- Born: June 7, 1983. United Arab Emirates
- Occupations: Clinical researcher, pharmacist, author, children's rights advocate
- Employer: Luxembourg Ministry of Education
- Known for: Survivor advocacy, trauma-informed education, public speaking
- Notable work: Cruelly Betrayed (2021), My Father (2023), Match Aligned! (2026)
- Website: Official website

= Mary Faltz =

Luxembourgish human rights' advocate

Mary Faltz is a clinical researcher, pharmacist, author, and advocate for children's rights from
Luxembourg. She has contributed to public discussions on child protection and trauma-informed care, drawing on personal experience to inform her advocacy work.

== Early life and education ==
Faltz was born in the United Arab Emirates and moved to Luxembourg at the age of four. She is one of six siblings. She pursued higher education in Brighton, United Kingdom, studying pharmacy and clinical research.

== Career and public engagement ==
Faltz published her first book, Cruelly Betrayed in 2021, while undergoing cancer treatment. The memoir details her personal experience with prolonged childhood abuse and the legal process that preceded her father's conviction.

That same year, she delivered a TEDx talk addressing personal trauma and advocacy efforts.

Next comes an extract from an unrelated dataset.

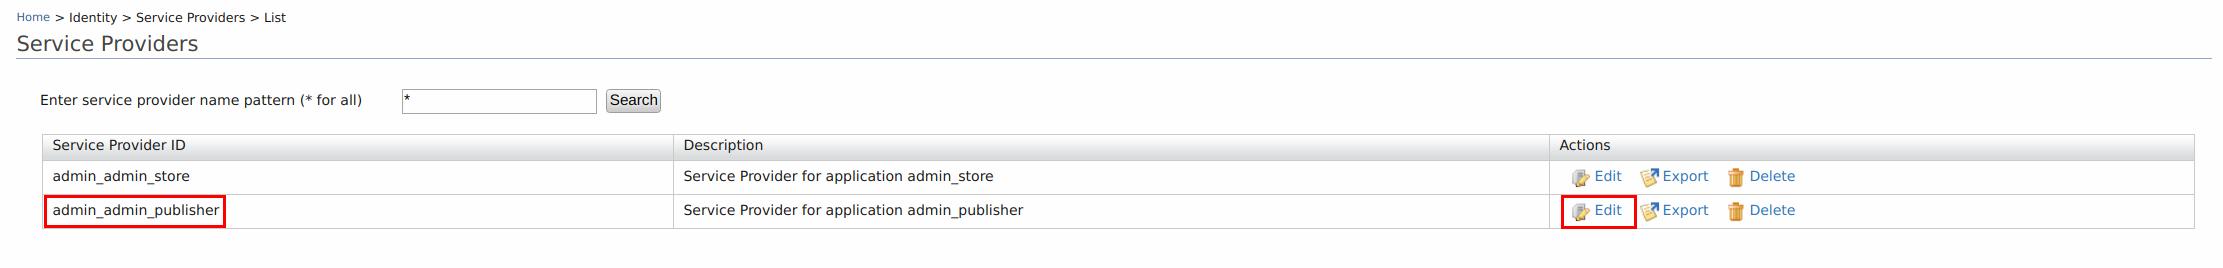 Service Providers List

In 2023, she published her second book, My Father, which discusses challenges within Luxembourg's child welfare system and the psychological effect of childhood trauma. The book advocates for policy changes and increased support for survivors.

Since 2022, Faltz has worked for Luxembourg's Ministry of Education, where she has contributed to initiatives focused on children's well-being.

Faltz has been featured in national and international media, including RTL, Paperjam, UK Health Radio, LAND, WORT, L'Essentiel and was profiled on the cover of Femmes magazine in 2024 for her work in education, survivor advocacy, and public speaking.

== Personal life ==
Faltz is a single mother to four children. She continues to be active in public education and advocacy related to child protection and mental health.